→ **Action item**:
The answer must restate the listing word for word, without its images.

BEGIN Data extract

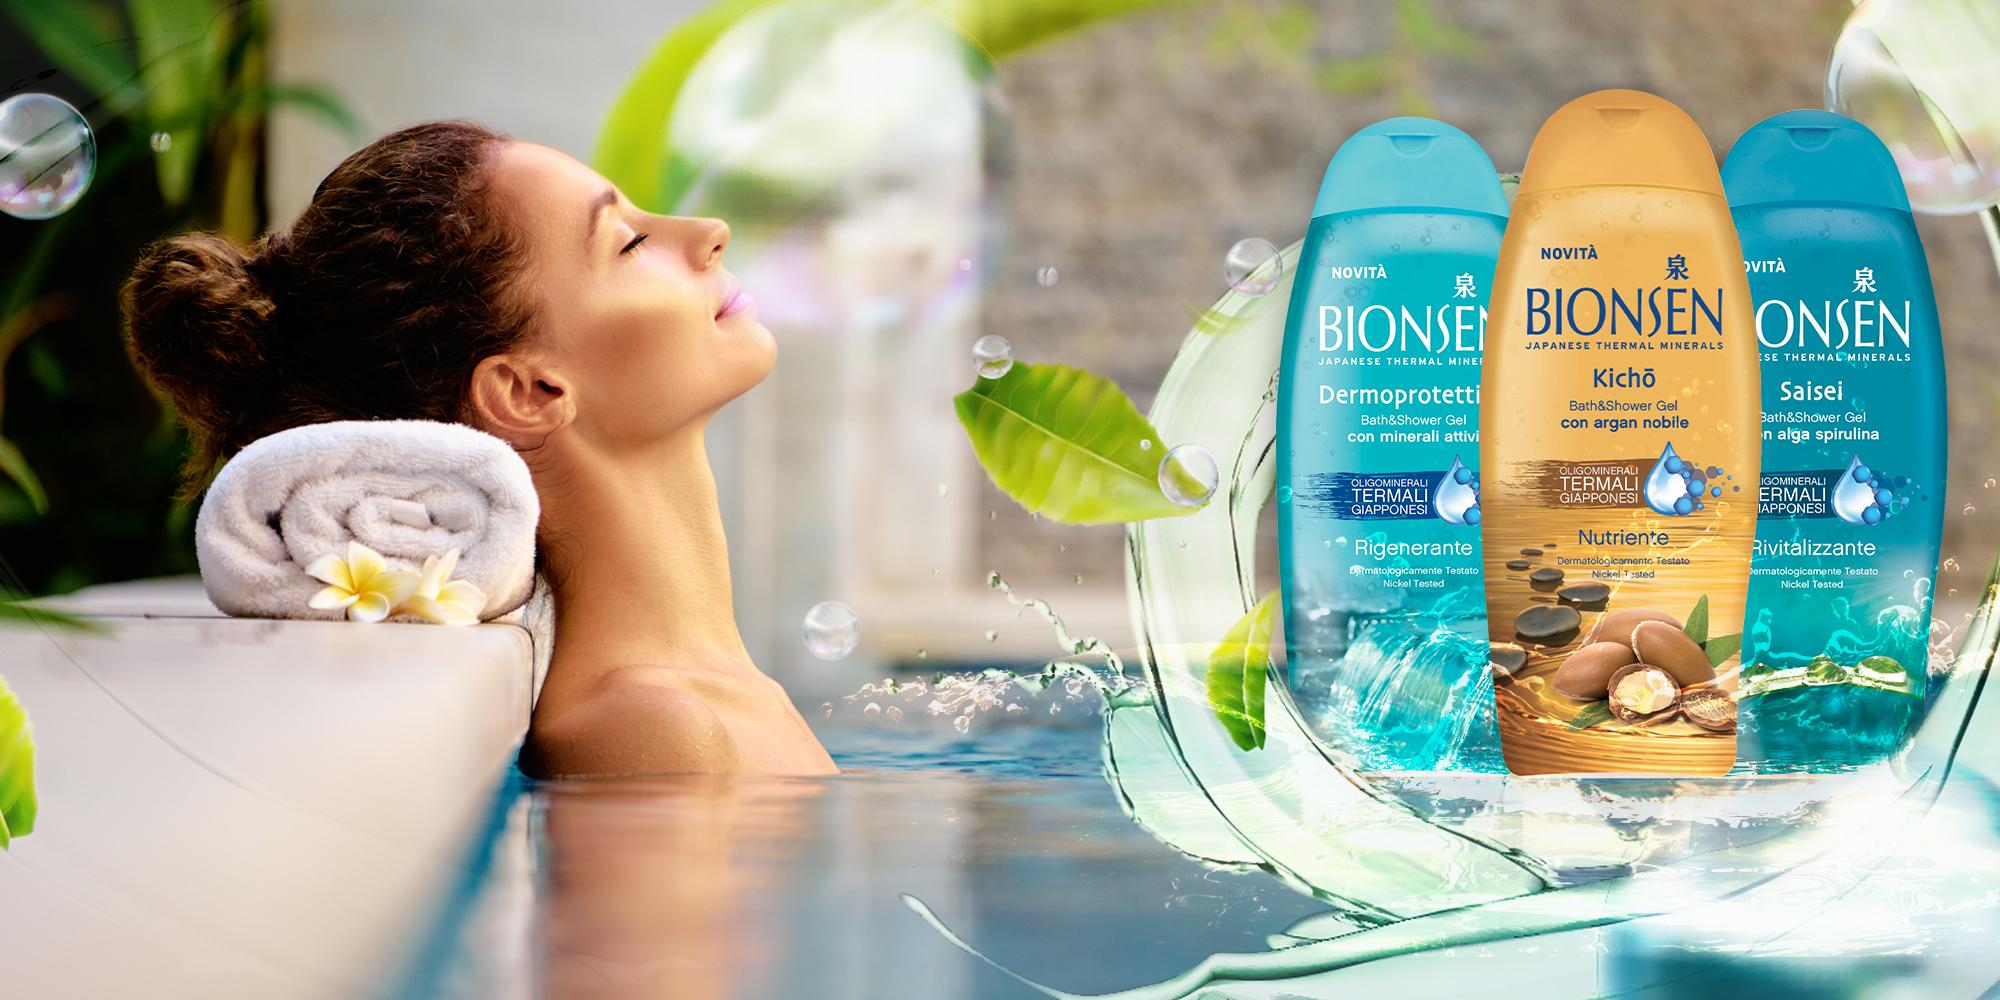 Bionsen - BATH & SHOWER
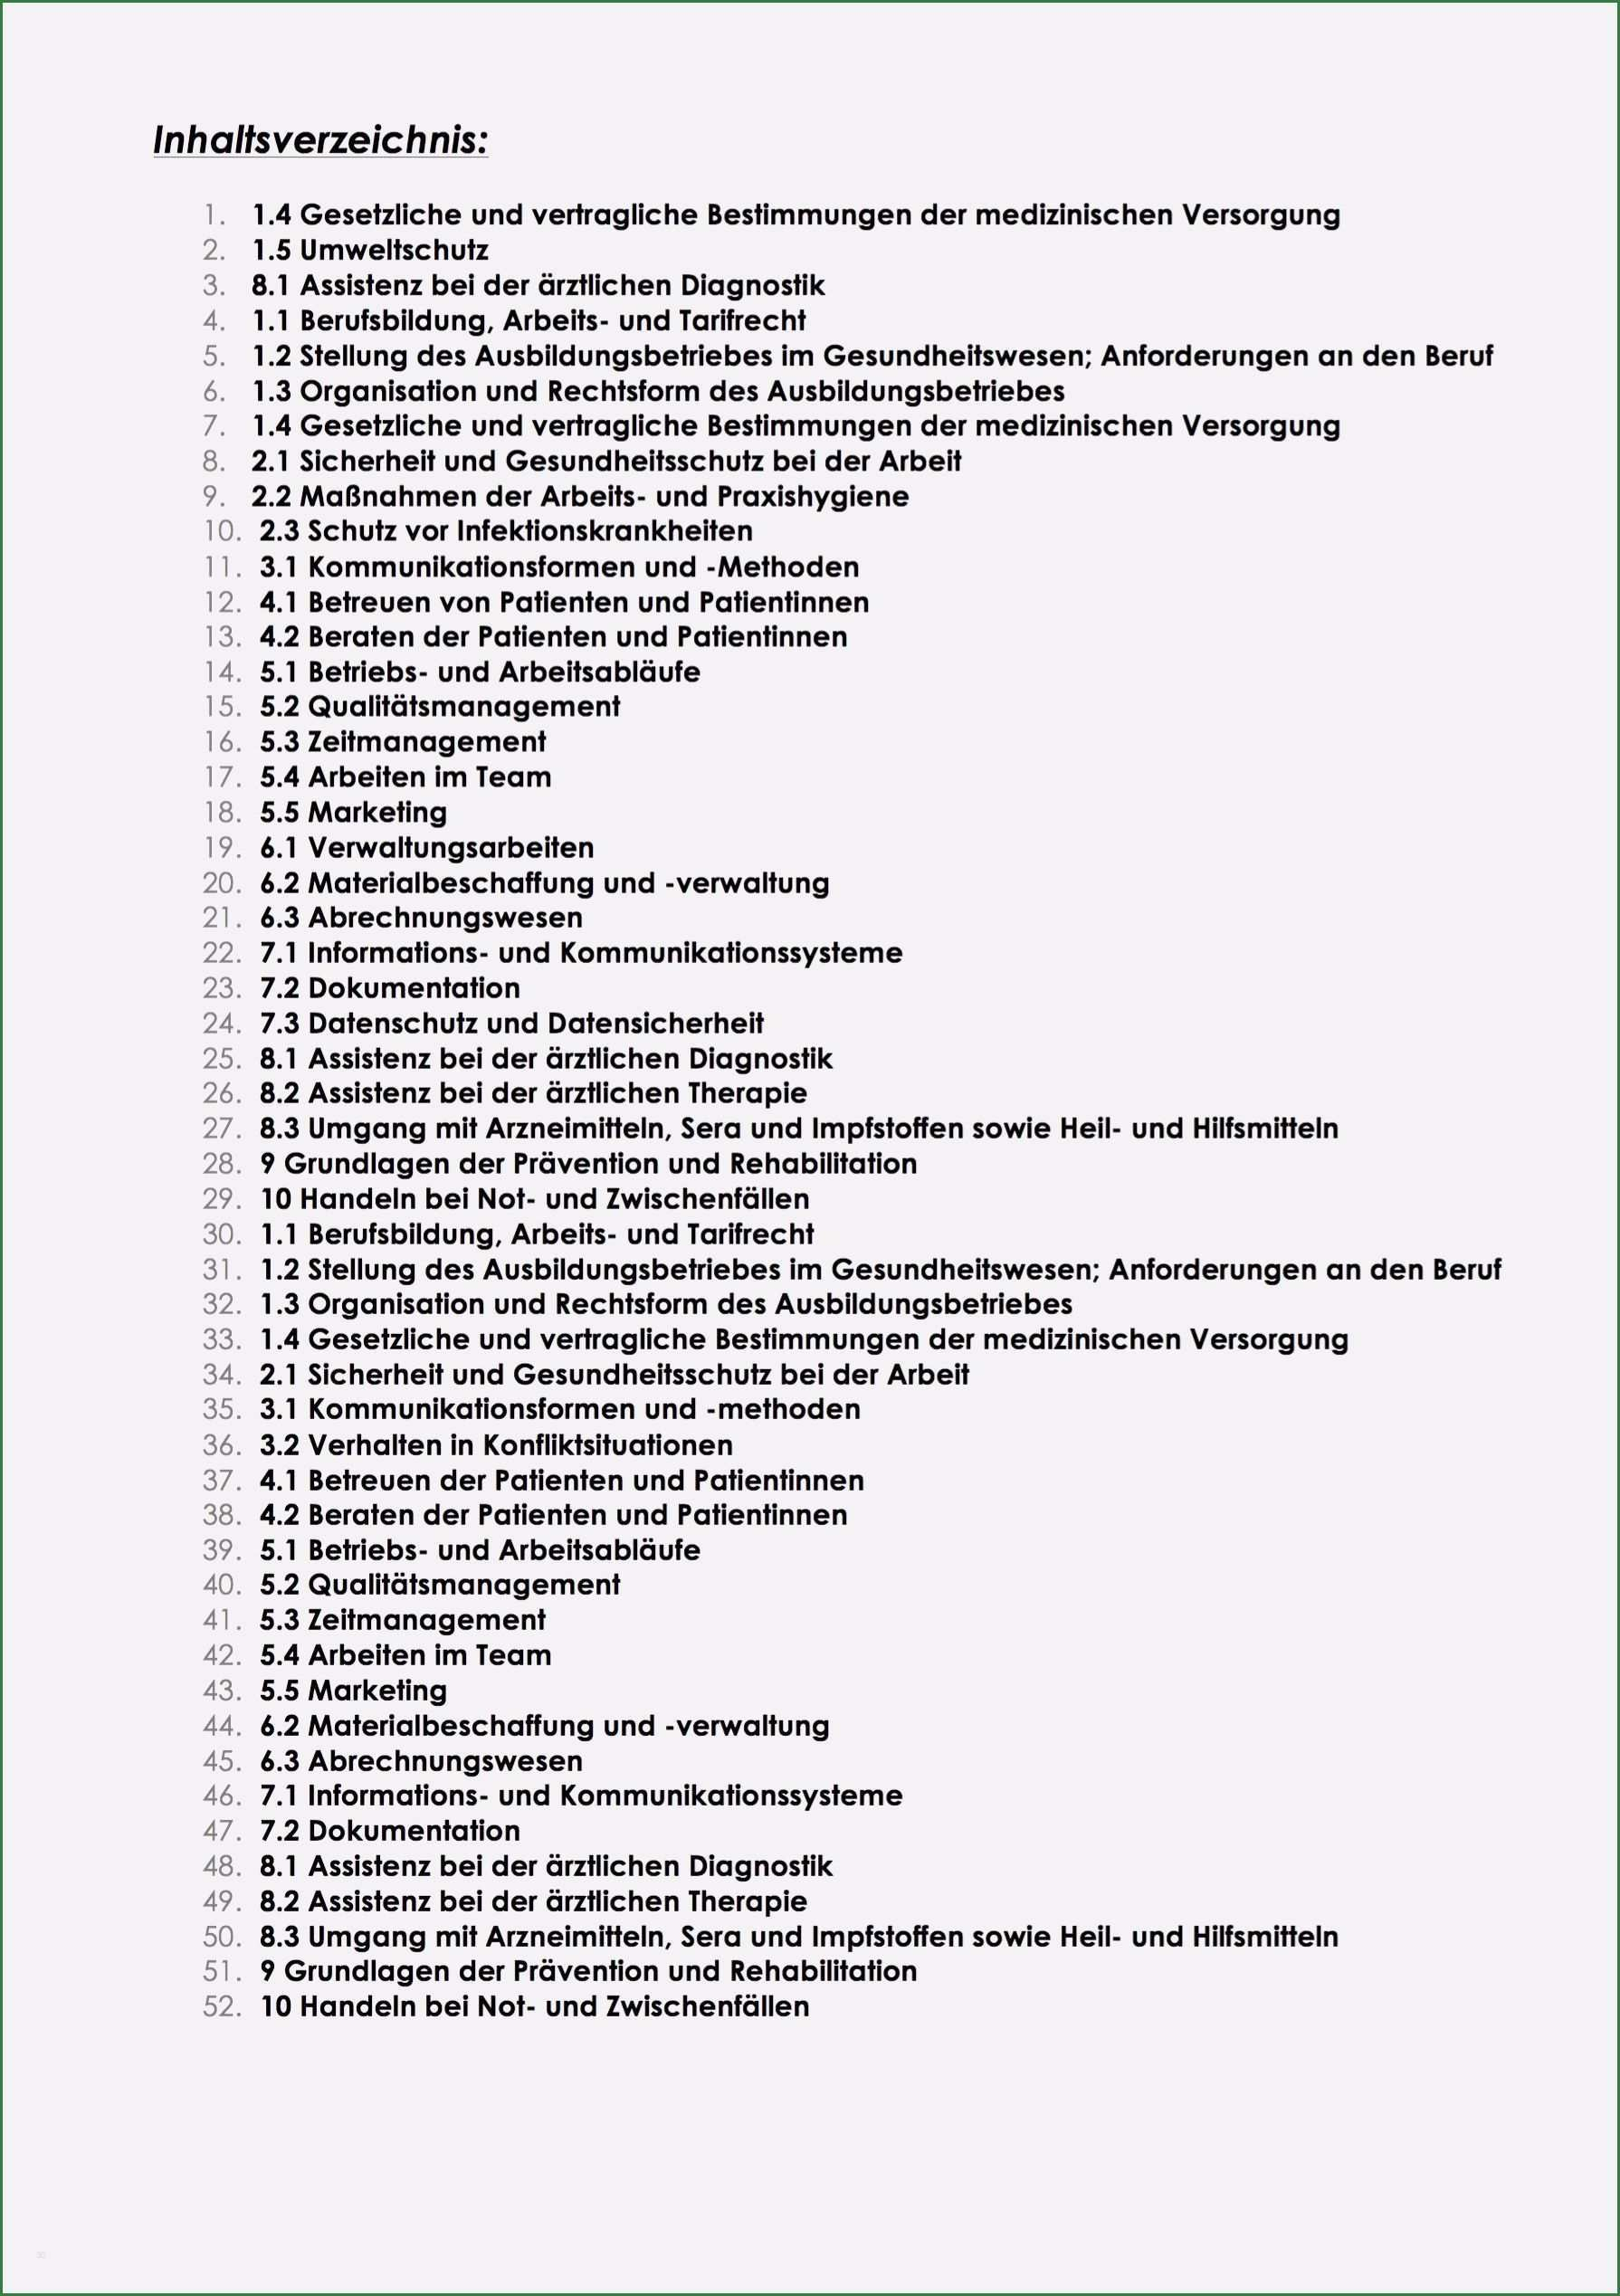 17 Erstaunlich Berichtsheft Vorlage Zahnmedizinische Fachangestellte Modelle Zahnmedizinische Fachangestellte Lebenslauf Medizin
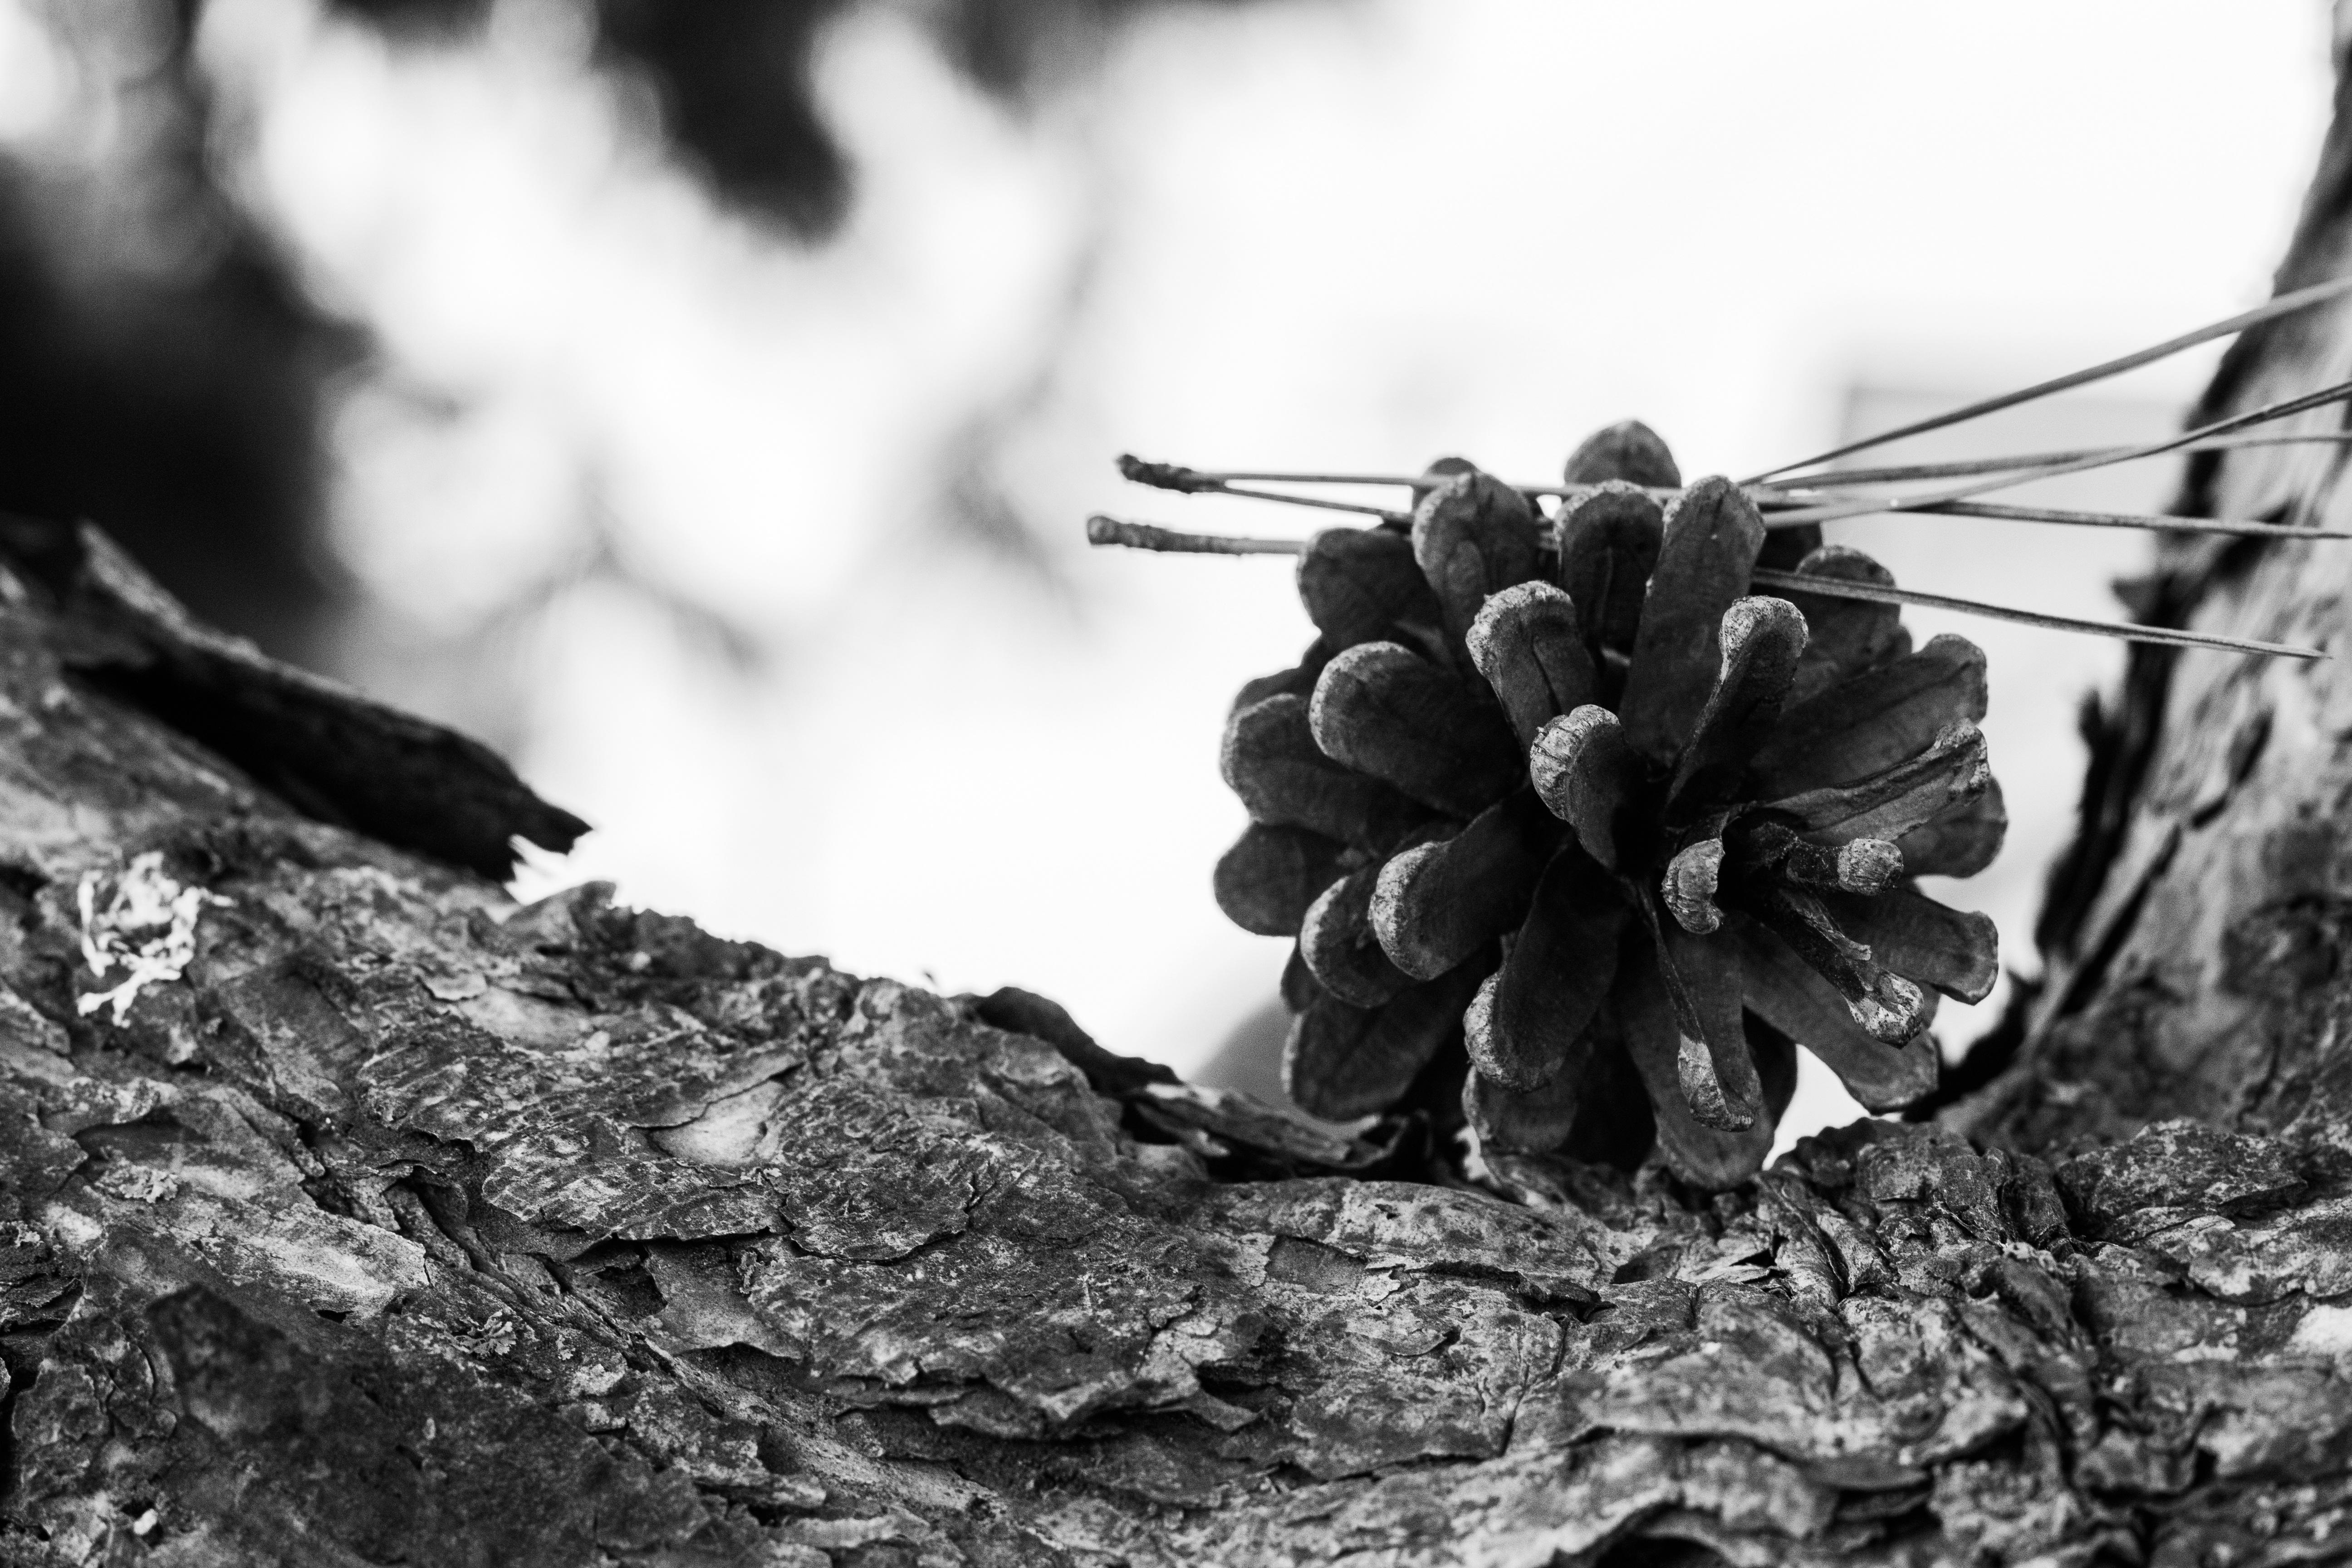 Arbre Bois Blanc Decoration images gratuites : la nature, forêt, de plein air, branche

END Data extract

→ **Result**:
 Bionsen - BATH & SHOWER
 17 Erstaunlich Berichtsheft Vorlage Zahnmedizinische Fachangestellte Modelle Zahnmedizinische Fachangestellte Lebenslauf Medizin
 Arbre Bois Blanc Decoration images gratuites : la nature, forêt, de plein air, branche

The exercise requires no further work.